Otworzyłam pomału oczy i nagle dotarł do mnie przepiękny zapach naleśników z syropem klonowym.
Była to sprawka Aidena, który stał z tacką przed łóżkiem. Uśmiechnęłam się w jego stronę, po czym powiedziałam.
- Ale przepięknie pachnie. - wyznałam, siadając.
- Zjadaj powoli, Promyczku śniadanie, a ja zacznę pakowanie. - powiedział kładąc pełną tacę jedzenie na moich kolanach.
- Pakowania? Nie chcesz zjeść ze mną - zapytałam.
- Odpowiadając na twoje drugie pytanie, ja już jadłem, a co do pierwszego to jedziemy na wakacje.
Otworzyłam szeroko oczy, bo naprawdę nie mogłam w to wszystko uwierzyć.
- Ale..., ale Samuel... - wydukałam, bałam się, że zrobi coś Aidenowi. Naprawdę nie umiałam pozbyć się jego słów.
- Nic się nie bój, kochanie. Wszystko jest ustalone. - powiedział i pocałował mnie w czoło.
Uśmiechnęłam się lekko i zaczęłam dokańczać jedzenie przepysznych naleśników. Aiden był naprawdę świetnym kucharzem, jeszcze naprawdę nic nie jadłam tak pysznego jak jego dania.
Kiedy skończyłam wzięłam szybki prysznic, po czym przebrałam się w nowe ubrania, które kupił mi mężczyzna.
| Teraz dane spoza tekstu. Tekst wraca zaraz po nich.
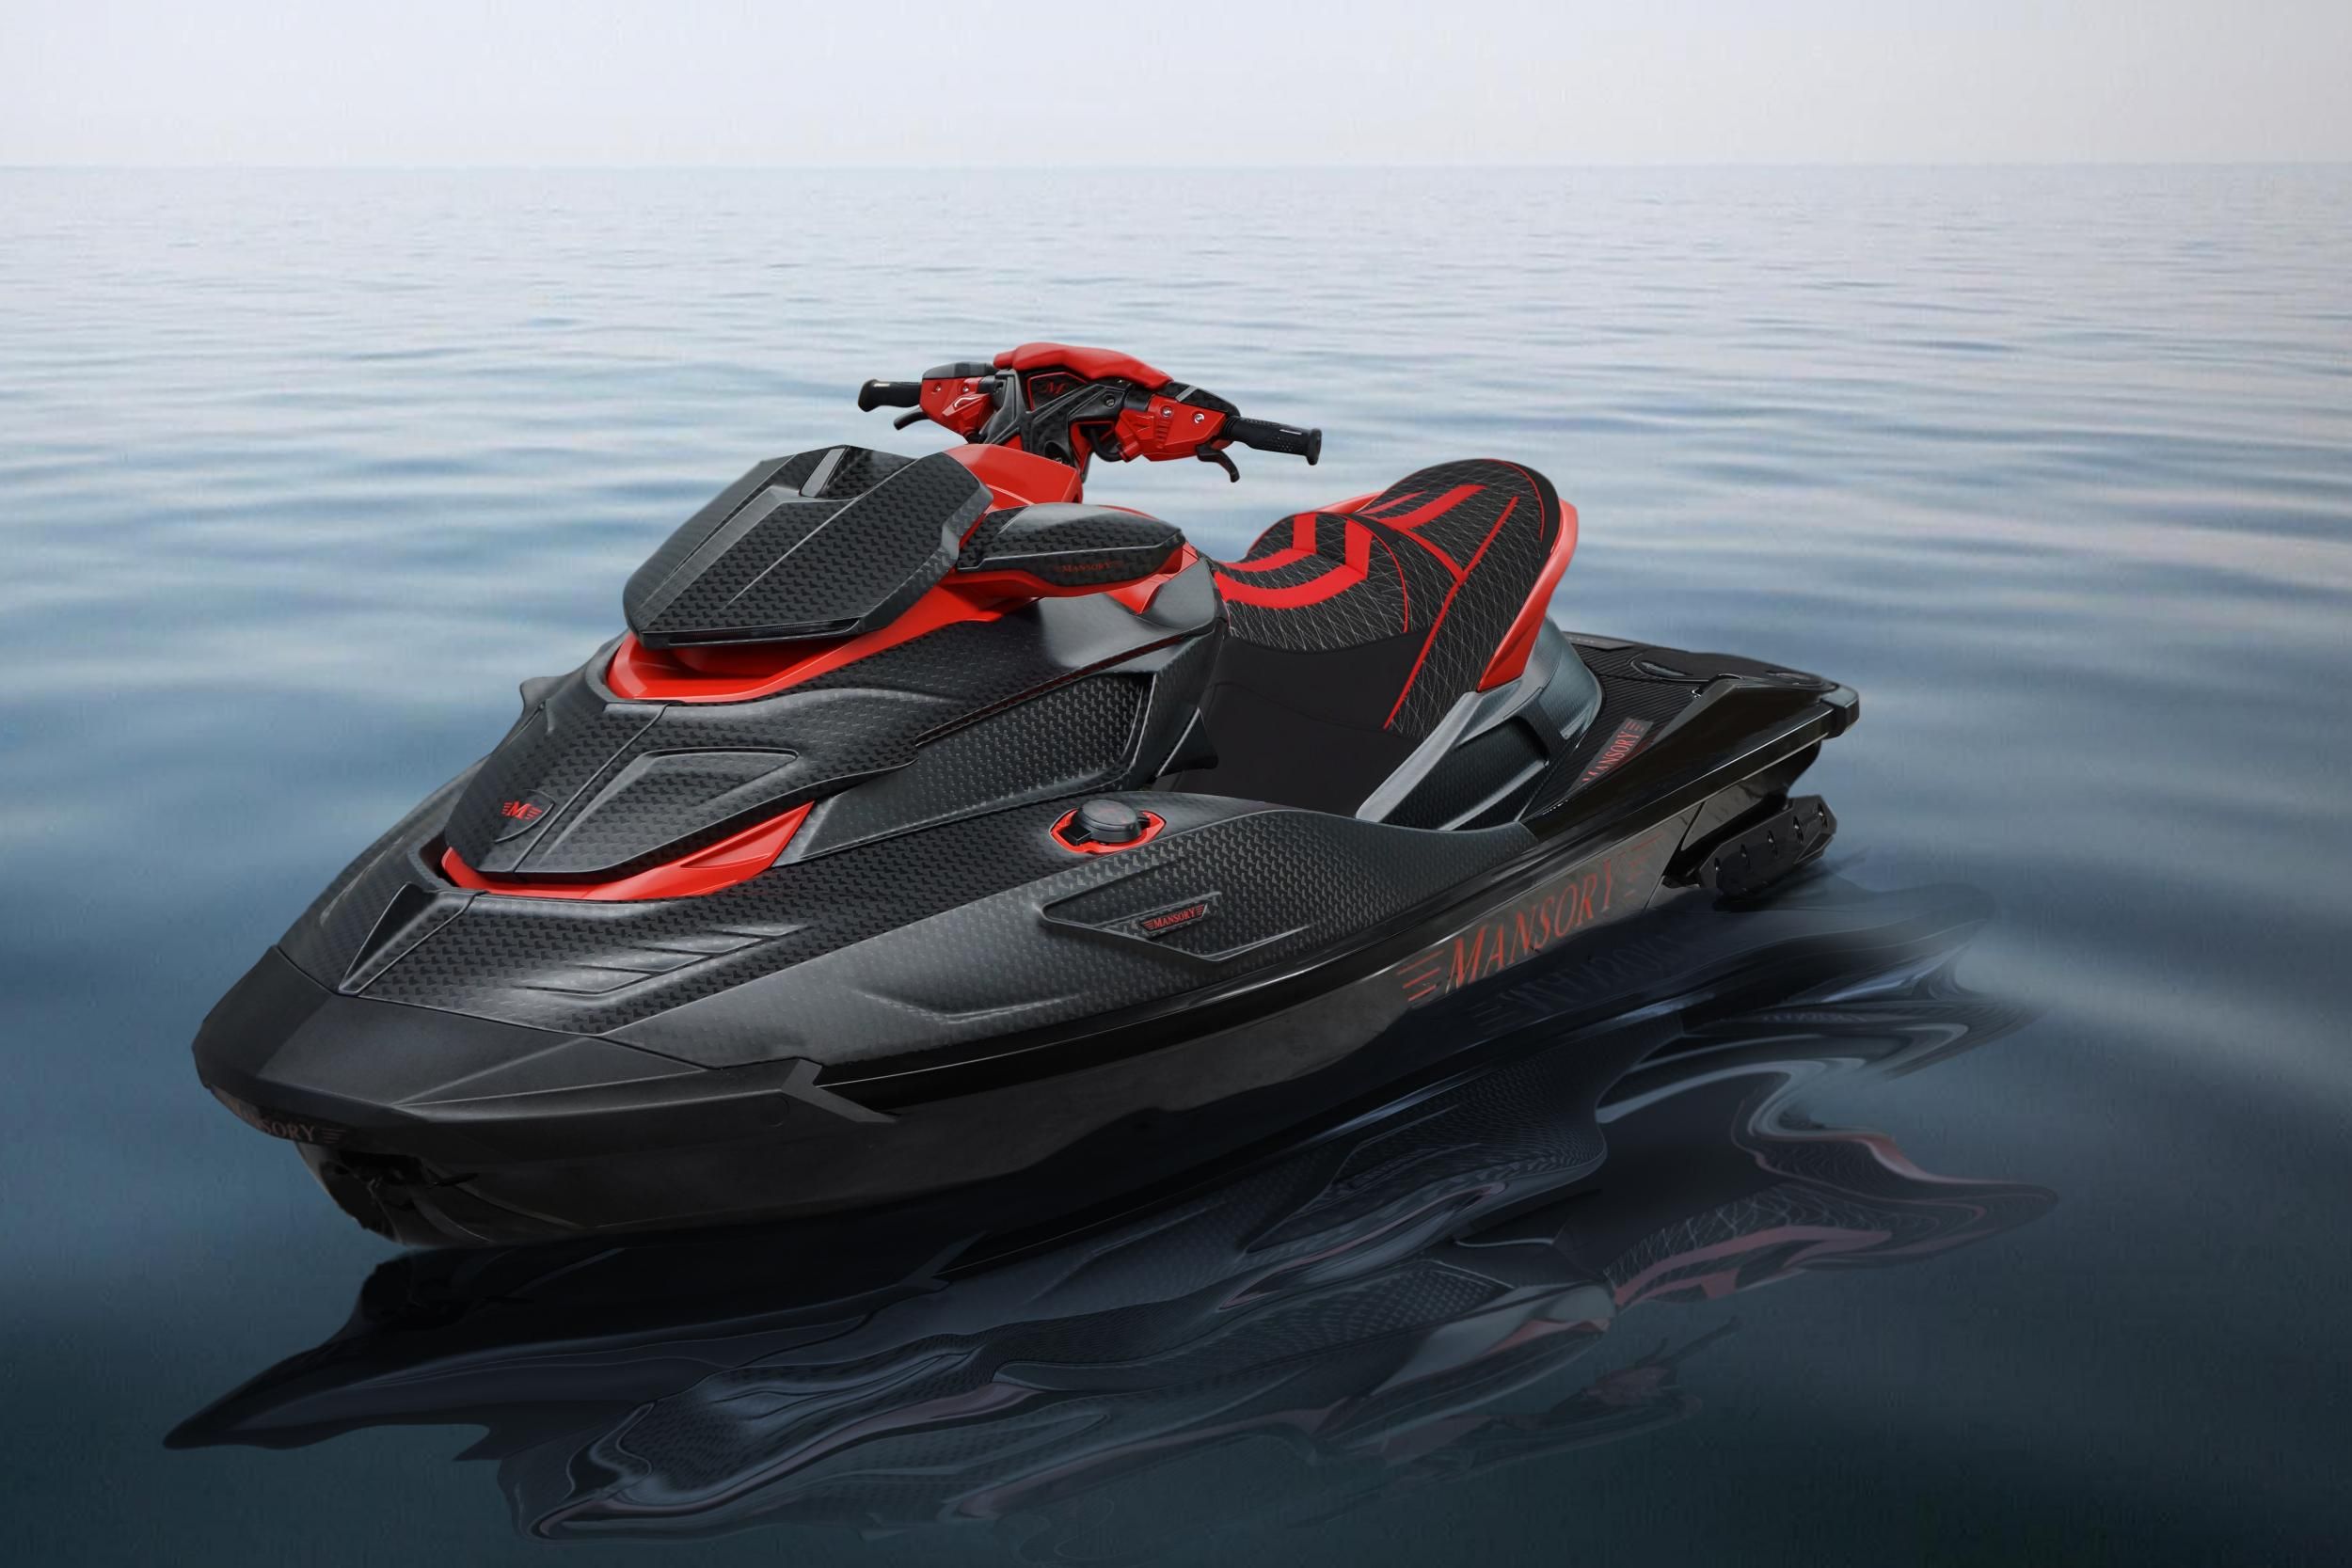 The Evolution of Personal Watercraft: From Stand-Up to Sit-Down

Czułam, że nigdy mu się nie odwdzięczę.
Zabrałam tacę i od razu skierowałam się do kuchni, żeby umyć naczynia.
- Wiesz dobrze, że mogła zrobić to sprzątaczka. - powiedział nagle Aiden za moimi plecami.
- Lubię to robić, a poza tym chociaż tak mogę choć troszkę się odwdzięczyć. - odparłam wycierając talerz z naleśników.
- Co ja mam już z tobą, promyczku. - zaśmiał się, a ja lekko się uśmiechnęłam.
Lubiłam, gdy tak się śmiał lub uśmiechał. - A teraz się spakuj, bo zaraz ruszamy.- W porządku . - odparłam radośnie. Naprawdę się cieszyłam, że pojedziemy na wakacje. Nigdy na nich nie byłam...., ale czułam, że będzie naprawdę fajnie.
Wzięłam małą walizkę i wzięłam do niej najpotrzebniejsze rzeczy. Nie wiedziałam czy będzie ciepło, czy zimno, bo Aiden nie chciał nic zdradzić.
Gdy miałam już wszystko z gotową walizką zbiegłam na dół, gdzie czekał już na mnie mężczyzna.
- Miałaś nie dźwigać. - fuknął i odebrał z moich rąk torbę.
Po kręciłam tylko głową, po czym razem wyszliśmy z mieszkania.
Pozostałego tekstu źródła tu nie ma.